Il est admis que les chenaux dans lesquels transite du matériel grossier (sable et graviers) sont larges et rectilignes. Ils sont peu marqués bathymétriquement à cause de levées peu ou pas développées. En revanche, les chenaux transportant du matériel fin sont étroits, sinueux, creusés et présentent des dépôts de levées développés ; leurs sinuosités étant contrôlées par la valeur de la
pente et la nature des apports (Clark et al., 1992).
En sismo‐stratigraphie, la surface d’érosion associée au chenal montre une incision nette dont le contraste d’impédance est amplifié par les sédiments grossiers à la base du chenal.
Les levées sont construites par débordement de la fraction fine formant le sommet des écoulements turbiditiques. Elles peuvent s’étendre sur plus de 50 km de part et d’autre de l’axe du chenal. Elles se développent sur les flancs du chenal et présentent souvent une importante dissymétrie qui s’explique par des courants transverses à l’écoulement ou à la force de Coriolis.
Les sédiments observés dans les levées sont souvent des argiles et des silts organisés en séquence de dépôt à lamines horizontales. Contrairement au chenal, il n’y pas ou peu de surfaces d’érosion en base de séquence. Le flanc interne (coté chenal), à forte pente, est soumis à des processus d’érosion et de glissement en masse qui peuvent alimenter les écoulements. Le flanc externe (coté levée) est caractérisé par des pentes faibles, soumises à des processus de dépôt. Généralement, les levées externes présentent des champs de dunes sédimentaires ou « sediment waves » (e.g . Carter et al., 1990 ; Normark et al., 1980 ; Normark et al., 2002).

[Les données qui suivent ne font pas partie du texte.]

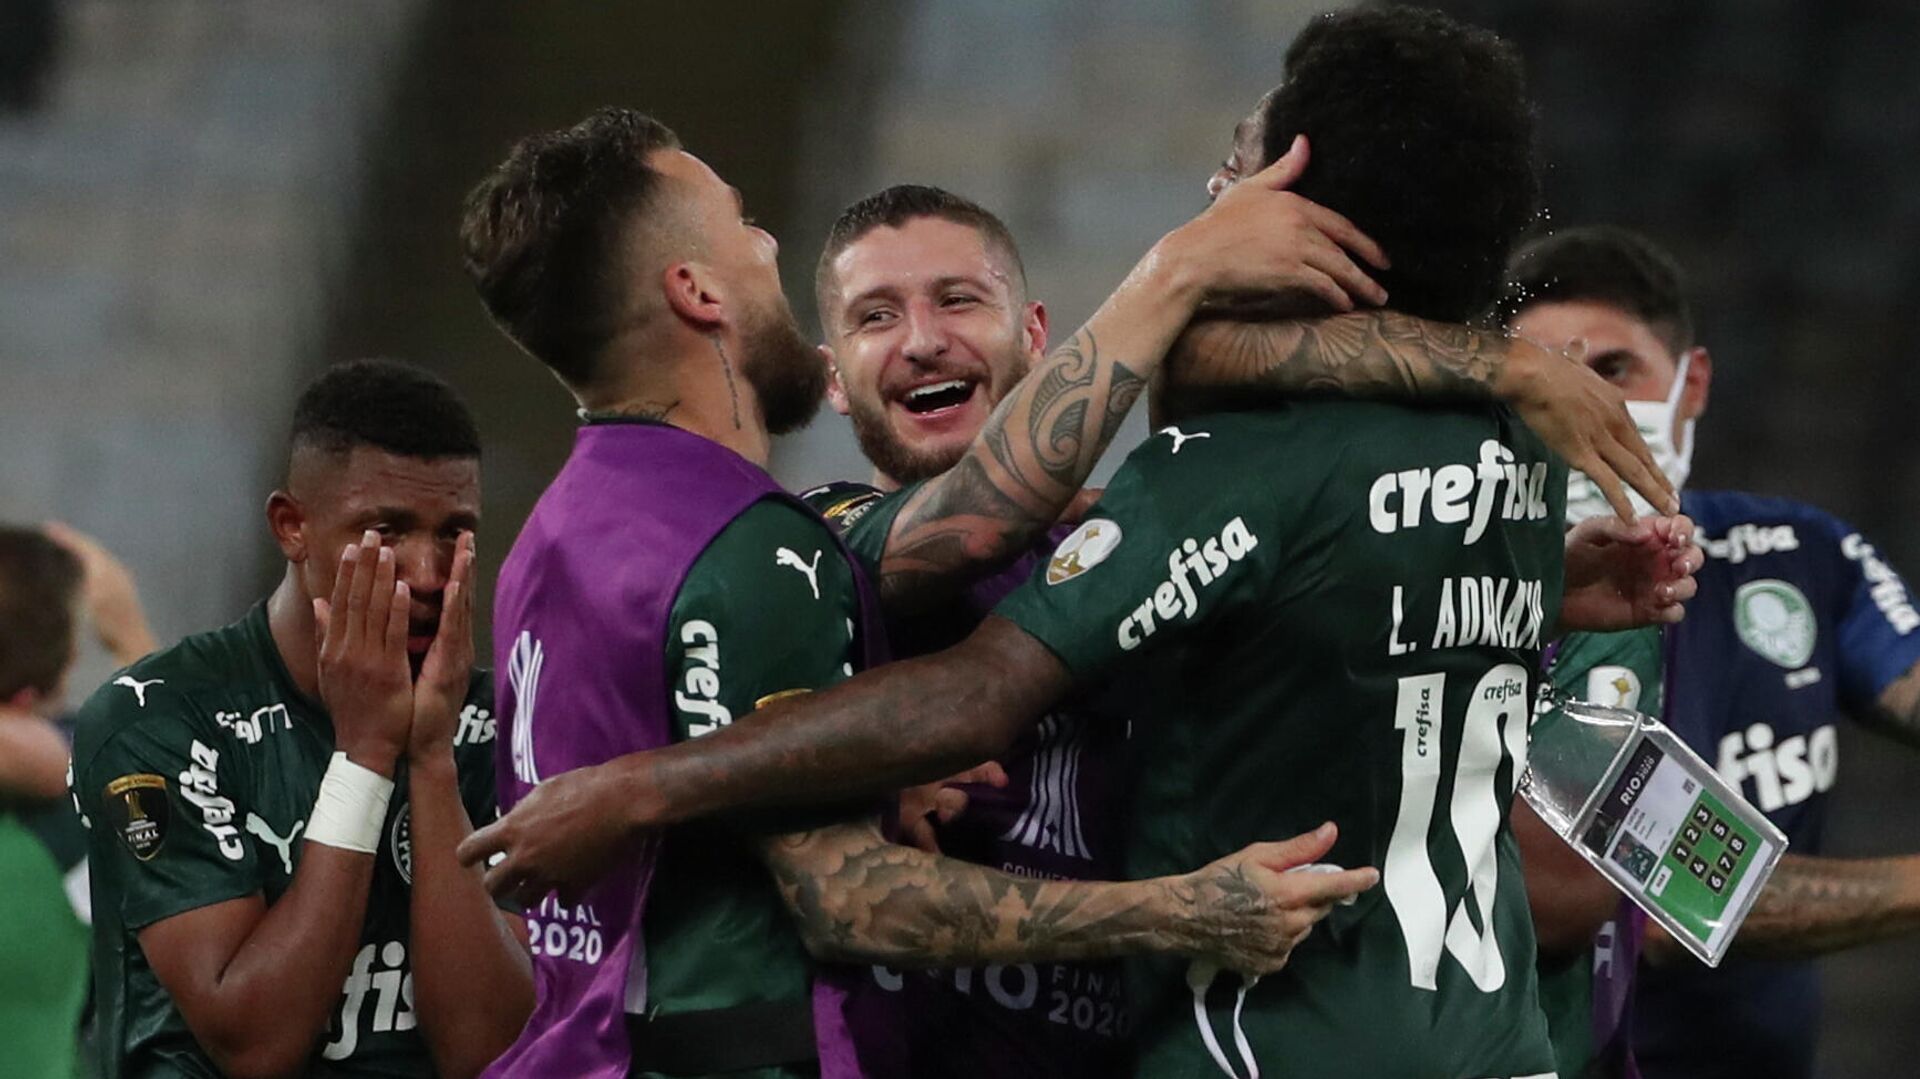 Players of Palmeiras celebrate after winning the Copa Libertadores football tournament by defeating Santos in the all-Brazilian final match at Maracana Stadium in Rio de Janeiro, Brazil, on January 30, 2021. (Photo by RICARDO MORAES / POOL / AFP) - РИА Новости, 1920, 31.01.2021

I.2.3.2.3. Contrôle des systèmes turbiditiques
Les facteurs qui contrôlent les systèmes turbiditiques sont : la tectonique, la nature des apports, l’eustatisme et le climat. En domaine de marge active, le facteur prédominant est essentiellement la tectonique. Celle‐ci aura un impact sur la morphologie du plateau continental (et/ou insulaire) et du bassin ainsi que sur le déclenchement des courants de turbidité et la déstabilisation de pente. Un second facteur associé aux courants superficiels peut aussi influencer ces courants de turbidité. En effet, au niveau des plateaux continentaux et insulaires, les courants tidaux et littoraux peuvent améliorer l’alimentation des têtes de canyon en redirigeant les apports sédimentaires vers le bassin (e.g. Romans et al., 2009). En revanche dans les bassins profonds, les courants de fonds ou de contours peuvent intervenir en agissant sur les accumulations distales des systèmes turbiditiques. Ils peuvent localement avoir un rôle dans l’organisation des dépôts en pied de pente et remanier partiellement ou totalement les dépôts pour former les contourites (e.g. Carter et al., 2004).